Restricted cash and cash equivalents include a series of committed and uncommitted bilateral letter of credit facility agreements with financial institutions to support the Company’s requirement to post letters of credit in the ordinary course of business. Under these agreements, the Company has the option to post collateral in the form of cash or cash equivalents, equal at least to the face value of the letter of credit issued. Restricted cash and cash equivalents are shown separately on the balance sheets and include highly liquid investments purchased three months or less from maturity and are stated at cost, which approximates market value.

Foreign currency translation

Assets and liabilities denominated in foreign currencies, other than those held through foreign subsidiaries, are translated into Canadian dollars at the year-end exchange rate for monetary items and at the historical exchange rates for non-monetary items. Foreign currency revenues and expenses are translated at the exchange rates in effect on the dates of the related transactions. Foreign exchange gains and losses, other than those arising from the translation of the Company’s net investment in foreign subsidiaries, are included in income.

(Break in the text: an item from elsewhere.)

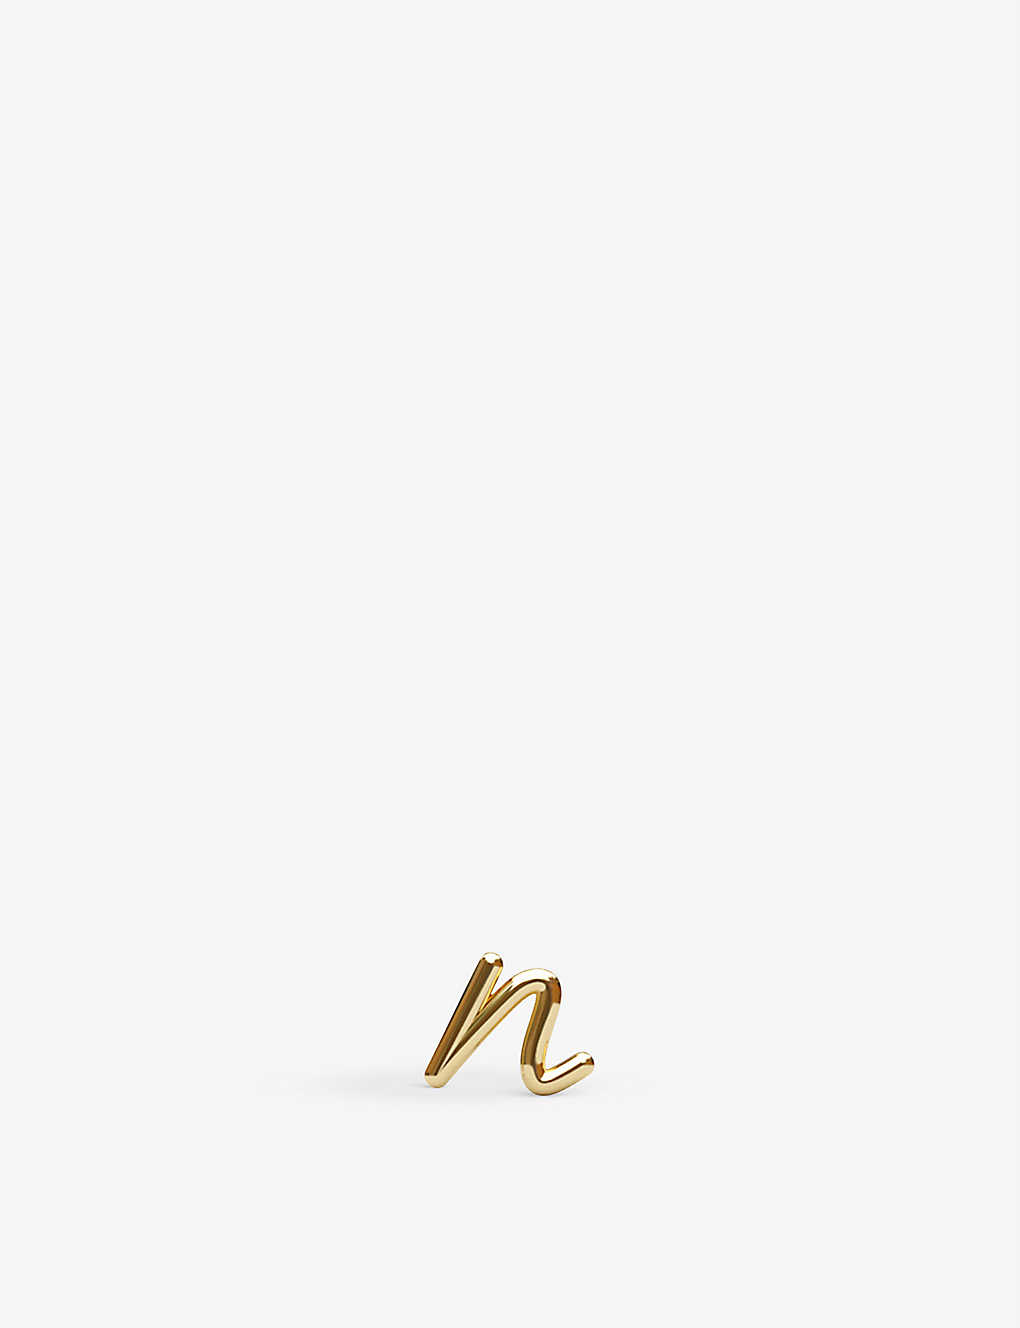 THE ALKEMISTRY THE ALKEMISTRY WOMENS 18CT YELLOW GOLD LOVE LETTER N INITIAL 18CT YELLOW GOLD SINGLE STUD EARRING,51774401
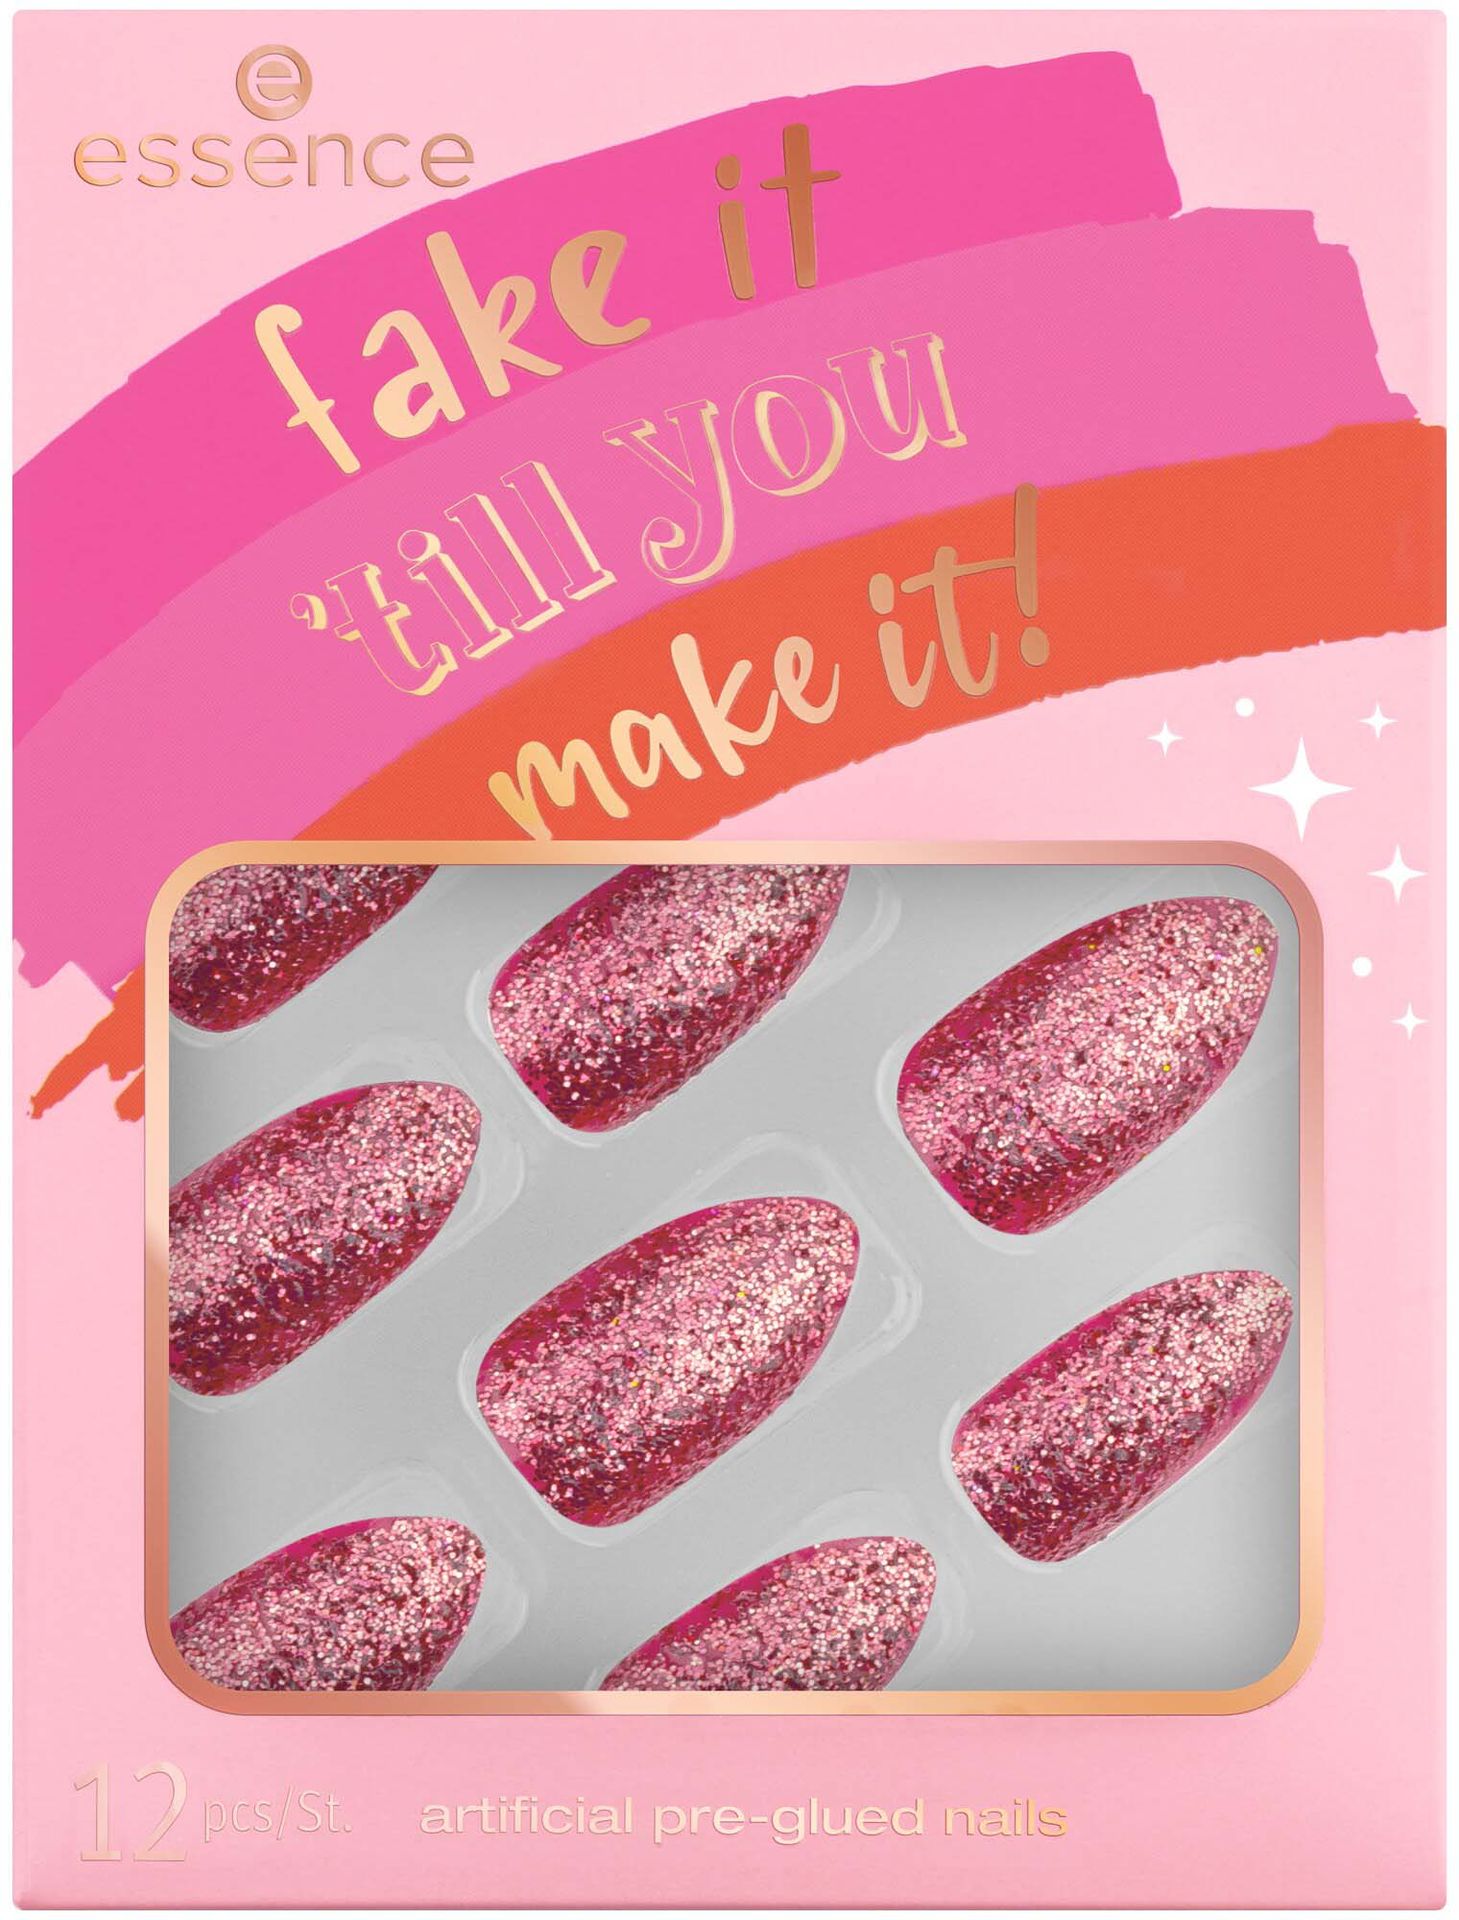 essence essence Fake It 'Till You Make It! Artificial Pre-Glued Nails 02 02 Glitter Is The New Black

The accounts of the Company’s foreign subsidiaries are translated into Canadian dollars using the year-end exchange rate for assets and liabilities and the average exchange rates during the year for revenues, expenses, gains and losses. Foreign exchange gains and losses arising from translation of these foreign subsidiaries’ accounts are included in “Other comprehensive income (loss)”. The majority of U.S. dollar-denominated long-term debt has been designated as a hedge of the net investment in foreign subsidiaries. As a result, unrealized foreign exchange (“FX”) gains and losses on this U.S. dollar-denominated long-term debt are offset against foreign exchange gains and losses arising from translation of foreign subsidiaries’ accounts in “Other comprehensive income (loss)”.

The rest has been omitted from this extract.